La question de l’état de santé
Gilles Rossary-Lenglet, dont l’état de santé défaillant a été évoqué devant le tribunal correctionnel de Lyon, pourrait-il bénéficier d’une libération pour raison médicale ? « Le critère de raison de santé peut permettre de suspendre la peine si une expertise médicale établit que le pronostic vital est engagé, ou que l’état de santé physique ou mentale est durablement incompatible avec la détention, ce qui est rarement le cas », tempère Joël Hennebois.
Le magistrat rappelle que « les prisons sont aujourd’hui bien équipées et il est possible de transférer le détenu dans un établissement équipé d’un secteur soins, par exemple l’UHSA (unité hospitalière spécialement aménagée) de Lyon Vinatier ».

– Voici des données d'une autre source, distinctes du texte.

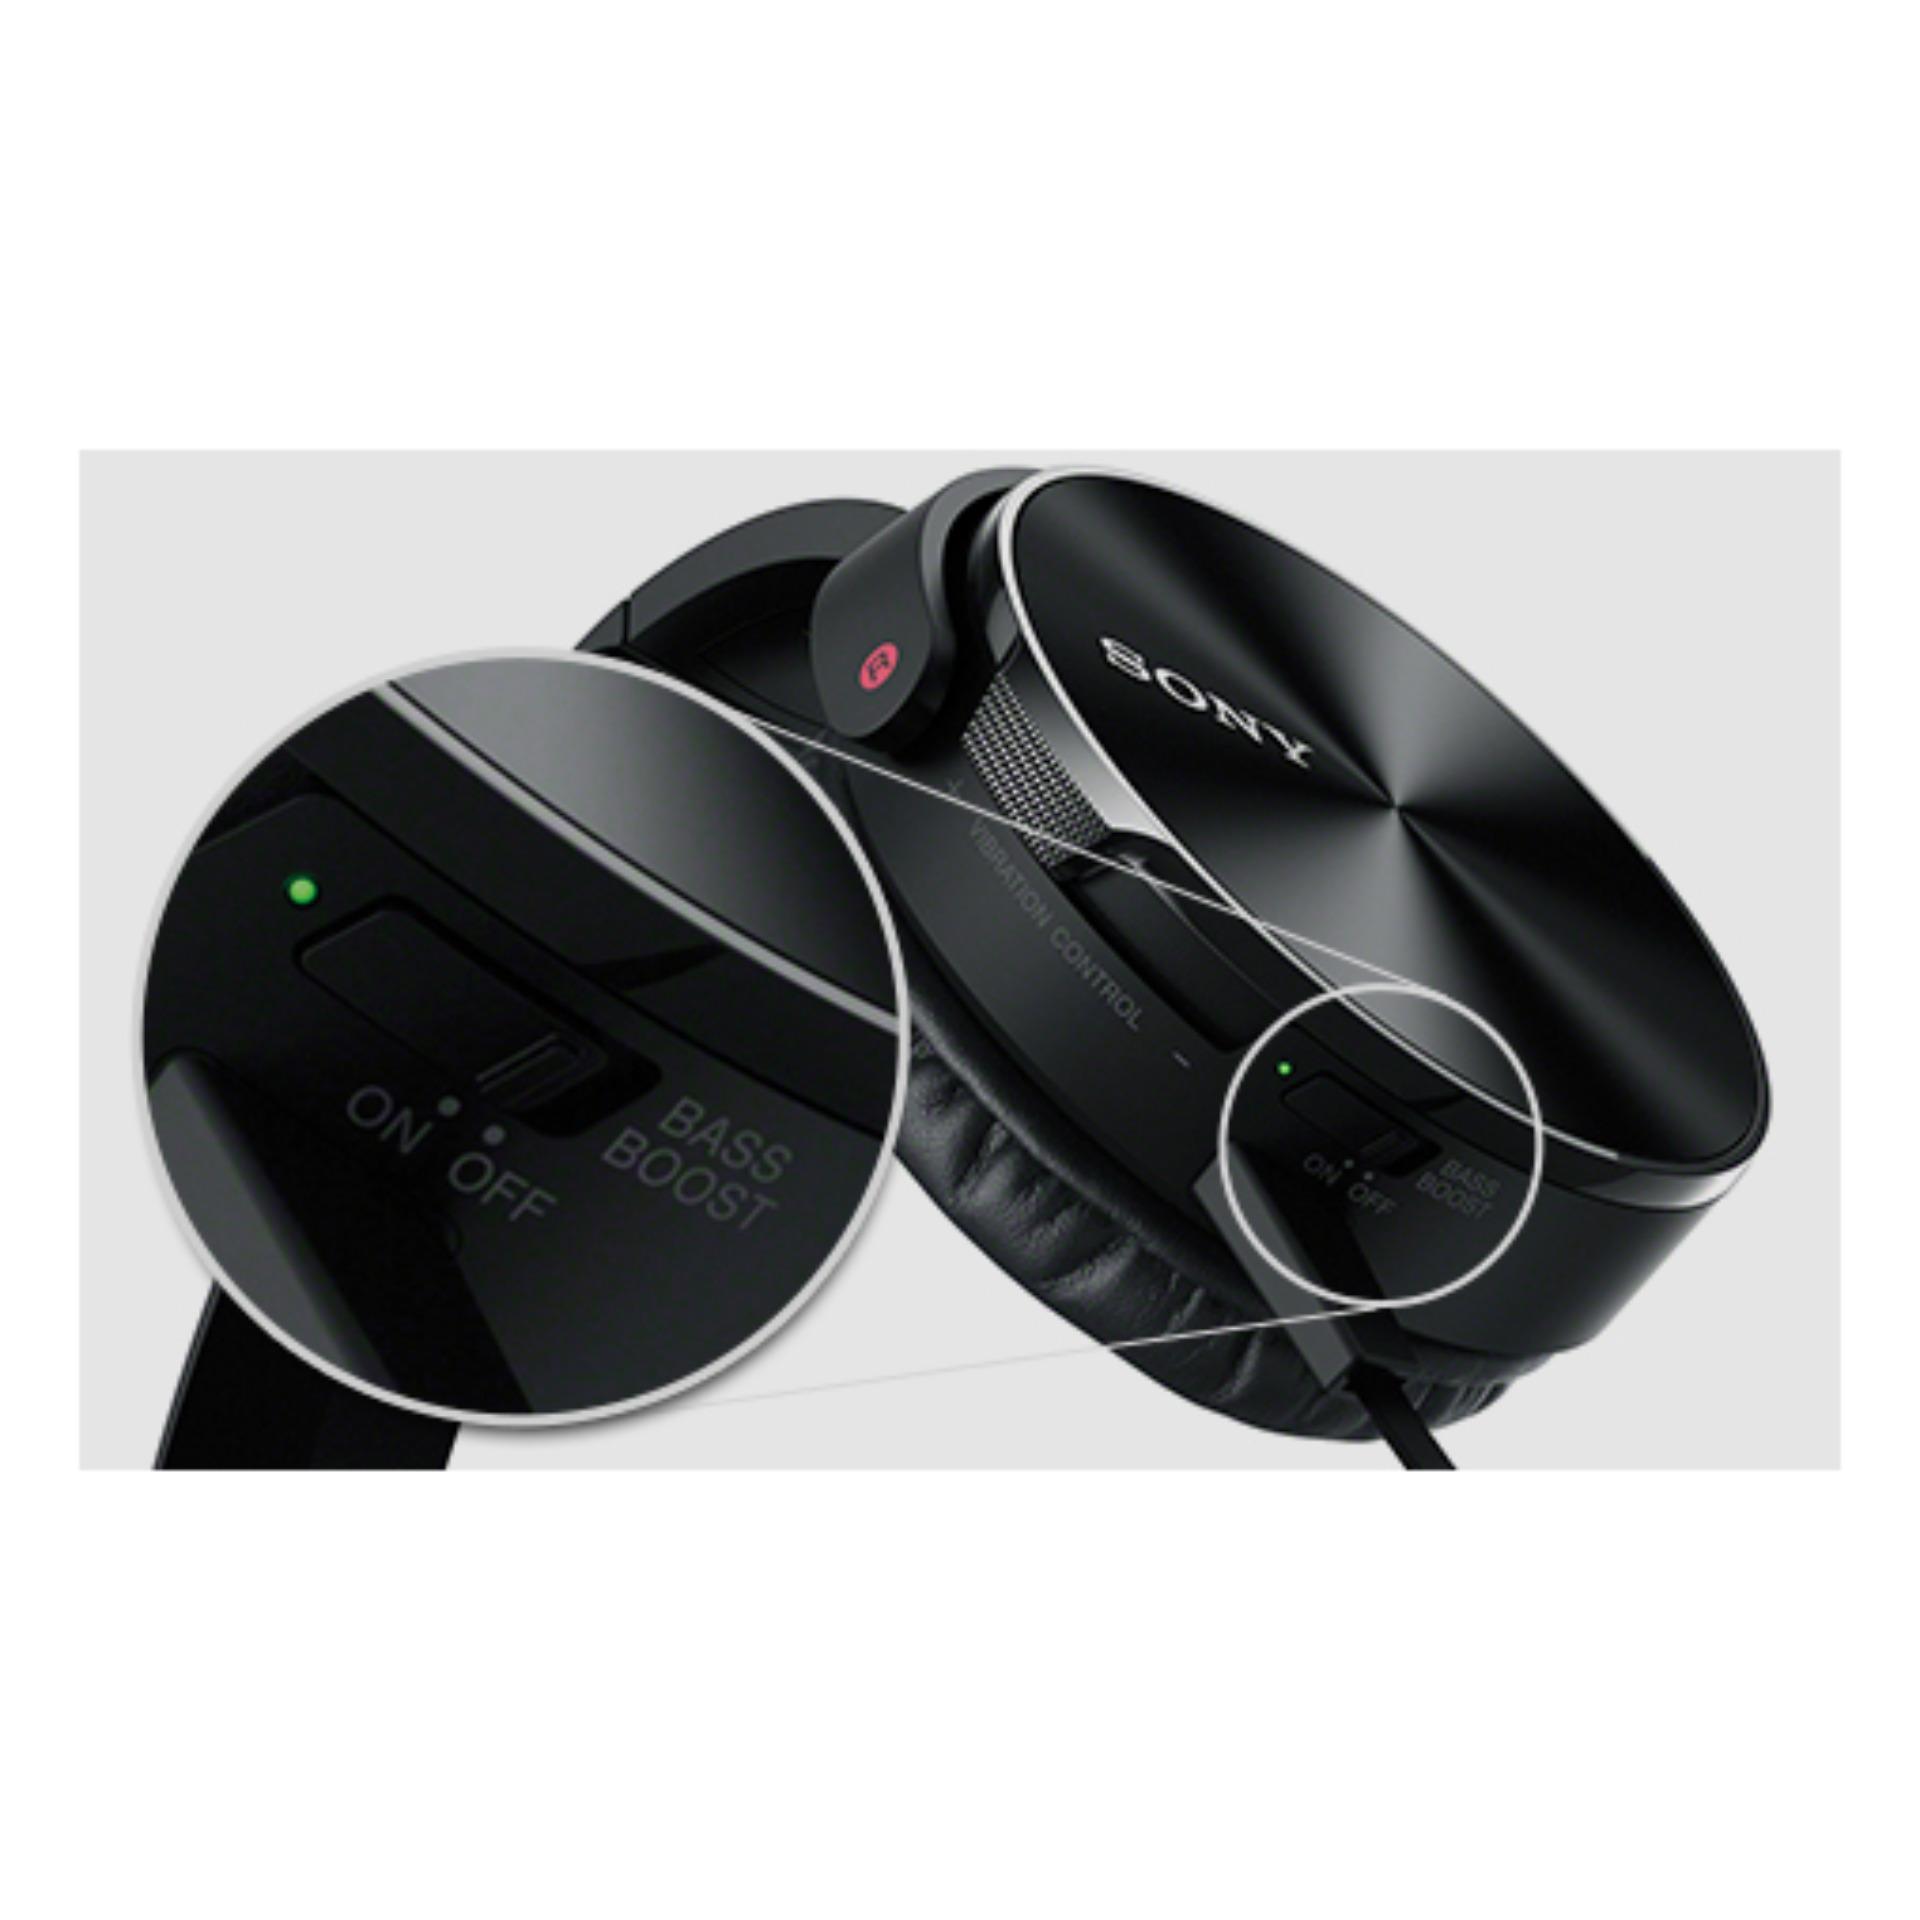 Swiss Navy Jam Tangan Pria Hitam Leather Strap Sn 4338 Daftar Rosegold 8647 Source Sony Headphone Mdr Xb450ap Audio Ekstra Bass On Ear Ori

Une libération avant les municipales ?
Une sortie de prison avant le procès en appel est d’autant plus envisageable que Gaël Perdriau n’a jamais été incarcéré avant son jugement. « C’est délicat, quand les personnes n’étaient pas en détention provisoire avant leur jugement, de considérer que cette détention provisoire deviendrait indispensable après le jugement… sauf si les critères de l’article 144 sont réunis. »
Étrange perspective : pourrait-on revoir l’ancien maire sur le terrain avant les élections municipales des 15 et 22 mars ? « Ces considérations n’entrent pas dans les critères qui doivent être visés avec l’article 144. L’une des questions est de s’assurer qu’il n’y aura pas de renouvellement de l’infraction ou de fuite. » Le risque de renouvellement paraît minimal, le maire déchu n’étant plus en fonction.

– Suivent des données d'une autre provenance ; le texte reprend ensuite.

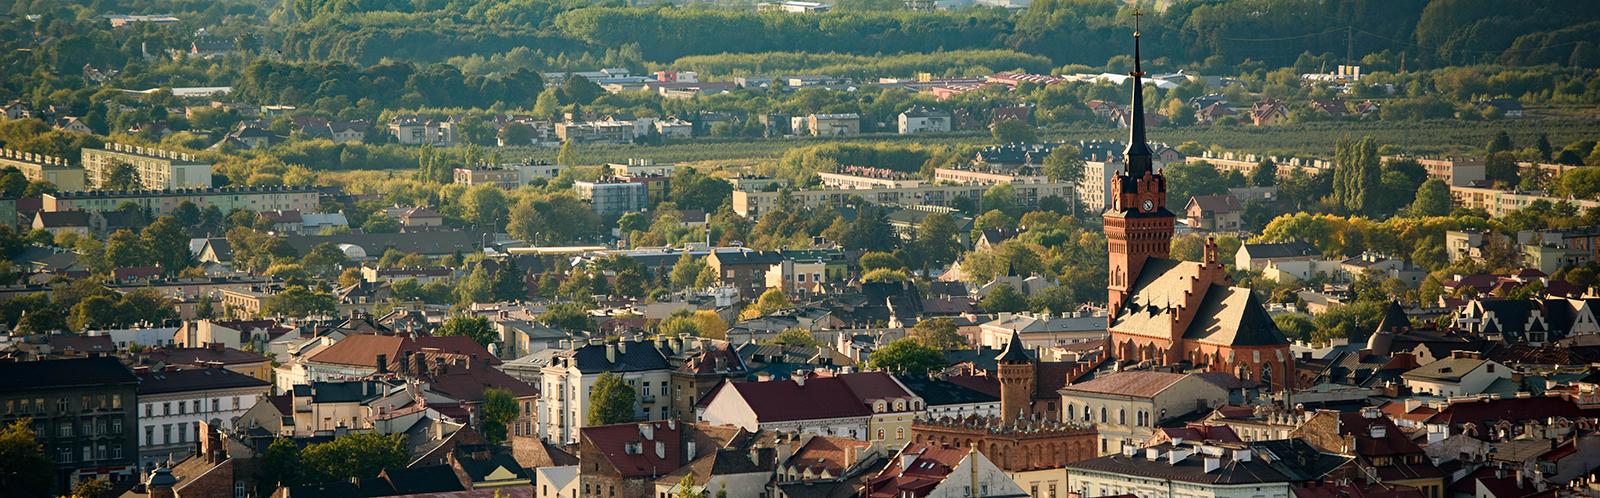 Tarnow agglomeration

Des alternatives à la détention existent
La détention s’impose uniquement quand elle est le seul moyen d’atteindre les objectifs définis par l’article 144 du code de procédure pénale. D’autres dispositions existent : bracelet électronique, contrôle judiciaire, éloignement…
Contrairement à une idée reçue, la proximité de la date d’audience ne justifie pas un maintien en détention. « Cela n’a rien à voir. La garantie de représentation est la même, que l’intéressé soit jugé dans deux mois ou dans un an. »

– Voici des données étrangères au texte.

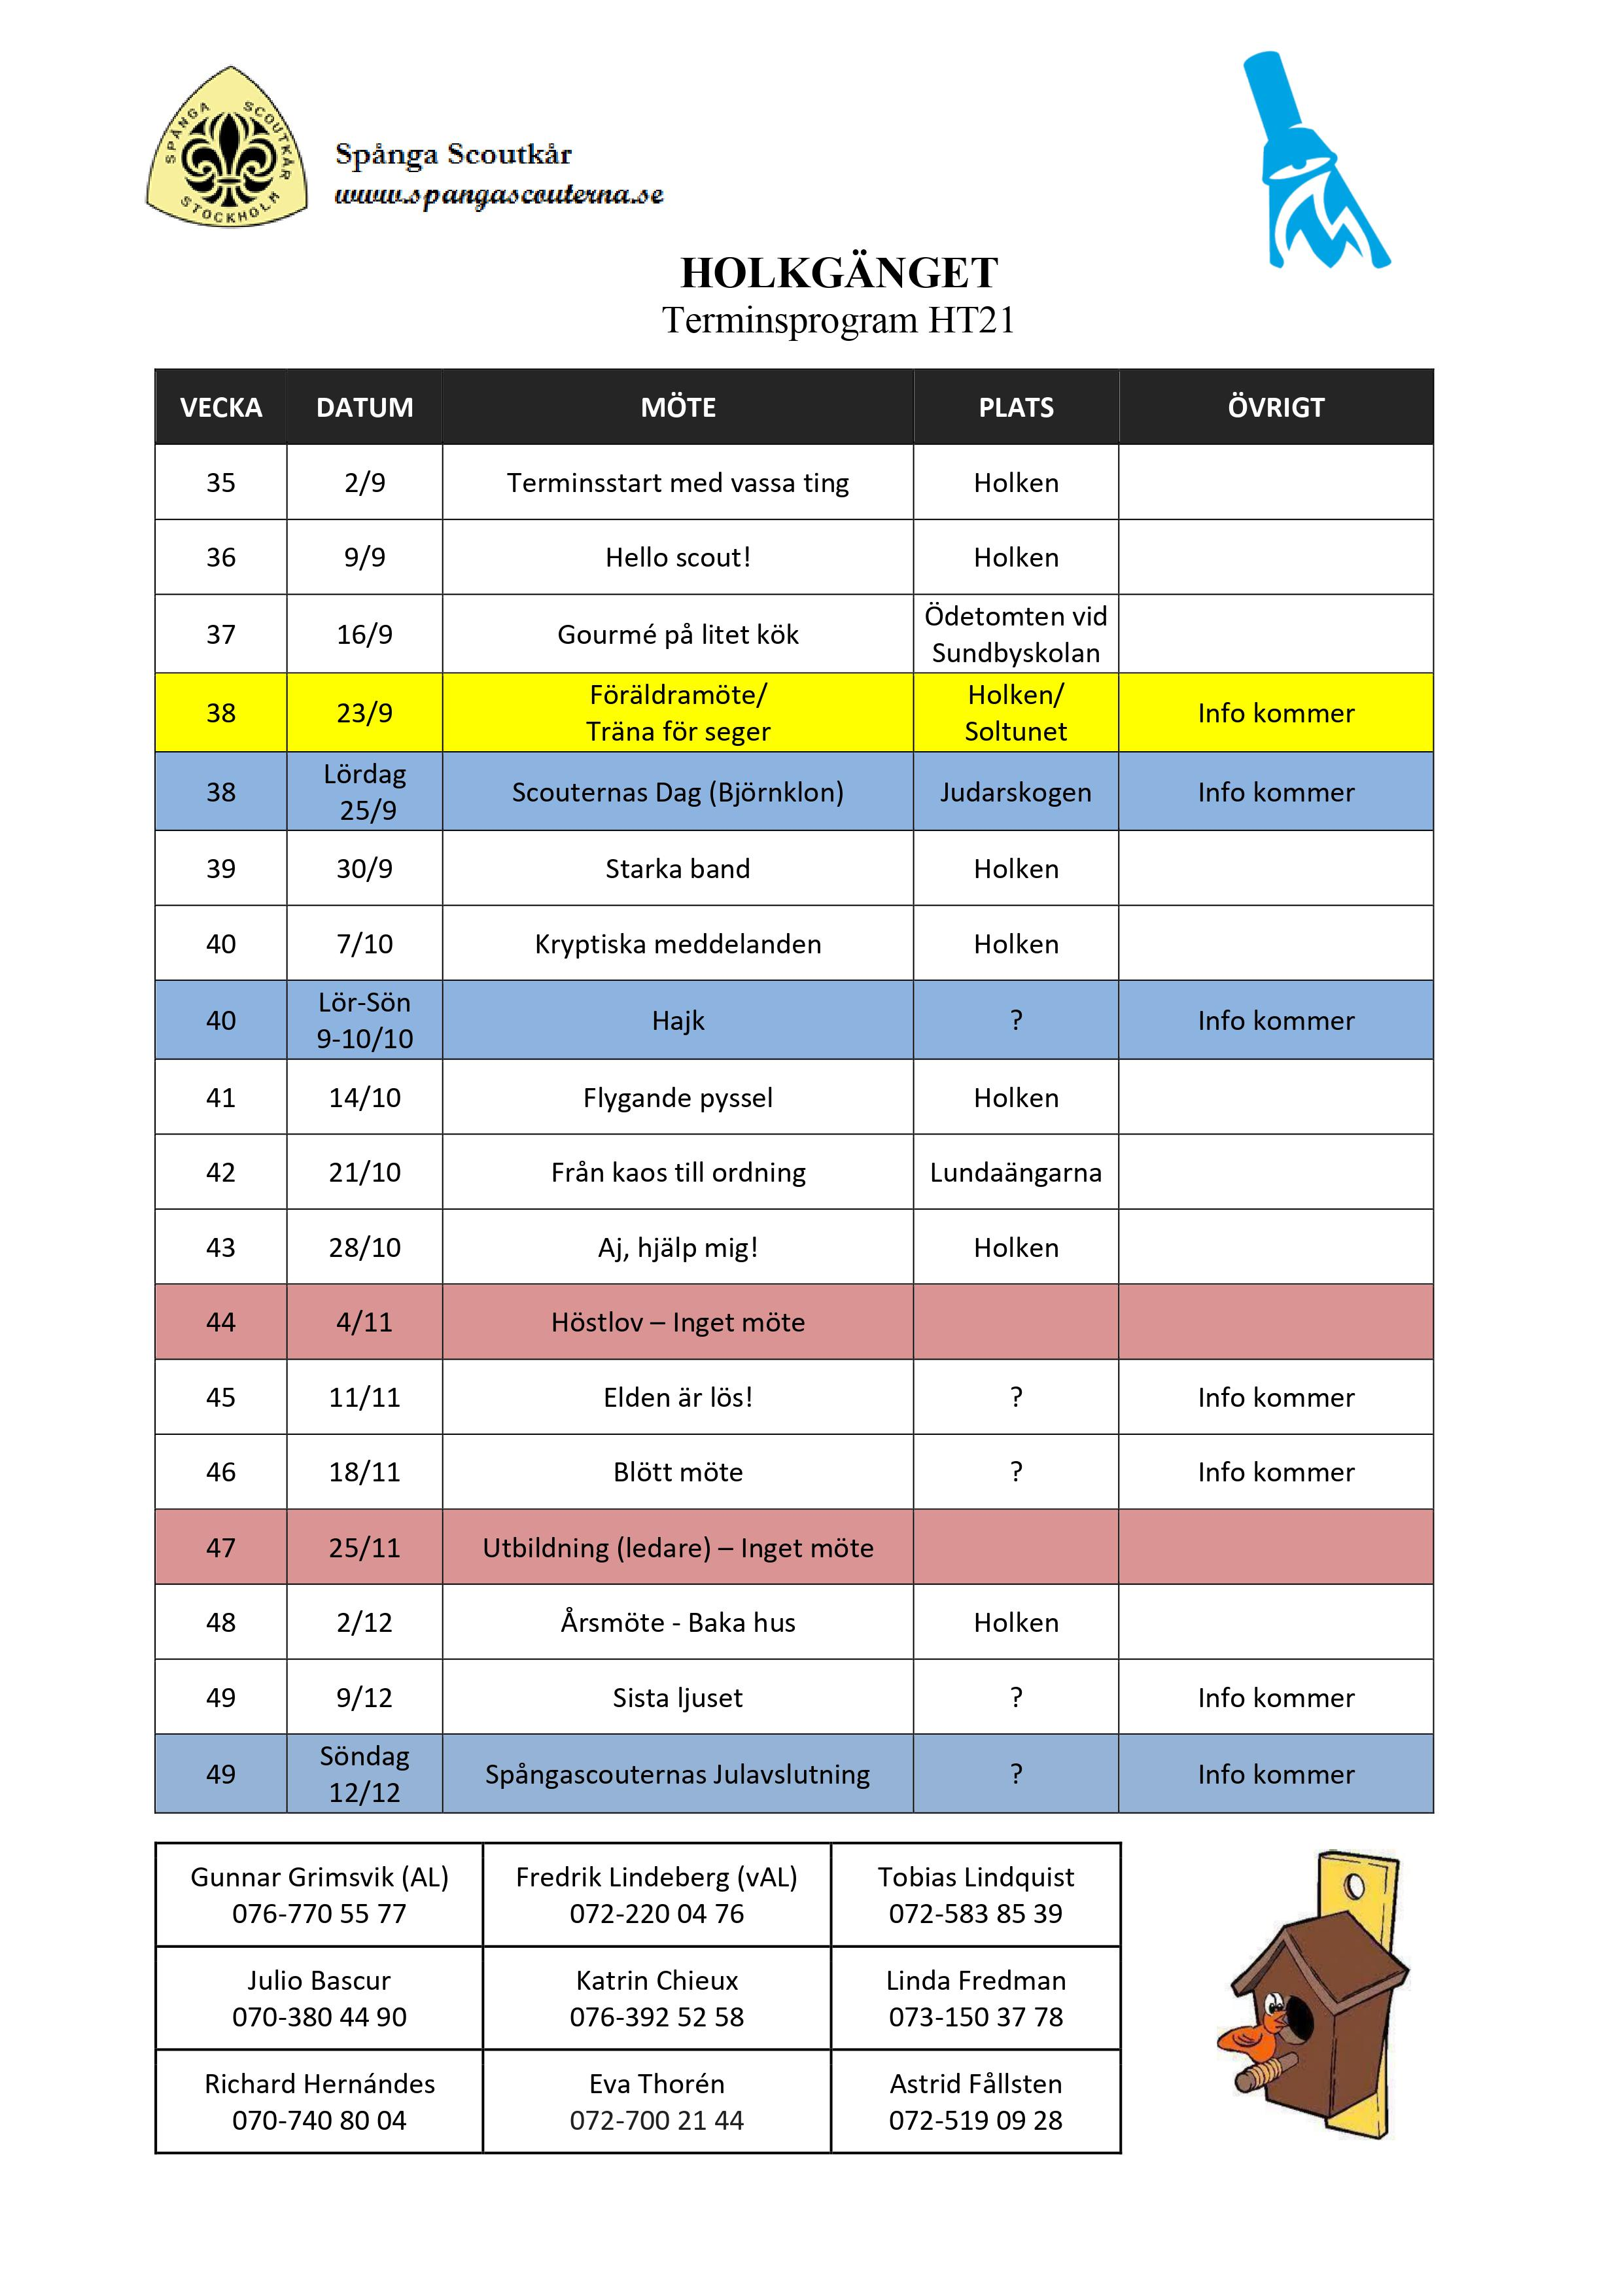 HT21 Terminsprogram Holkgänget scouterna version

Une décision attendue rapidement
L’instance collégiale, composée de trois magistrats de la cour d’appel de Lyon, rendra sa décision le jour même de l’audience ou dans la foulée. En cas de refus, les avocats de Gaël Perdriau pourront former un nouveau pourvoi, qui devra être examiné par la même instance dans les deux mois.
« Ce qui choque l’opinion publique, c’est qu’un même emprisonnement dépende de critères qui n’ont rien à voir, et que les juges incarcèrent puis remettent en liberté en seulement quelques semaines », conclut Joël Hennebois. Mais c’est la loi.